Hydraulics works well in extreme conditions, including in mobile equipment such as excavators. Hydraulic systems run at higher pressures here, typically 4,000 psi or more. The components used, including the cylinders, are very heavy duty in nature, and they have high duty cycles—which means these machines can run for hours at a time—continuously. And, it goes without say, they take a lot of abuse.
As such, the cylinders used on excavators have to be very robust. A machine like this can cost $400,000—and if used in construction of multi-million dollar projects, you can’t have a lot of down time if you want to be productive. They generally use modular welded slash mill pipe cylinders and typically, they’re custom made for the application.
When you put weight on a cylinder in a side-load fashion, where there’s not any force vector linear with the cylinder itself but actually to the side of it, problems can occur. The piston rod wants to cock inside the cylinder, to come in or out at an angle. What that does is create wear inside the cylinder on the piston and the barrel, as well as the bearing and the gland on the head itself.
If you were to try to cycle a cylinder back and forth with a side-load on it, it would start to wear on opposite sides of the barrel and piston as well as start to wear the bearing and the gland. Seals would wear, there would be scoring and scratching inside the barrel, and slowly the cylinder would lose effectiveness, if not result in catastrophic failure of the rod itself.
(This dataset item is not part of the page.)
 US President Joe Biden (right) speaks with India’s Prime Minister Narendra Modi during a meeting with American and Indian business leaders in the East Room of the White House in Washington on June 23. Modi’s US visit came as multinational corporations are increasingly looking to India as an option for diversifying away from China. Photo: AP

From a sealing perspective, with the high force loads and the type of movements that excavators can go through, typically they’re made for digging—but if you’ve ever seen say an excavator doing demolition, they can push, pull, and move things sideways. Some excavators can even crawl up into a dump truck all by themselves. They can often be abused and used in many ways that they were not originally intended, and it’s often the hydraulic system and the cylinders that pay the price.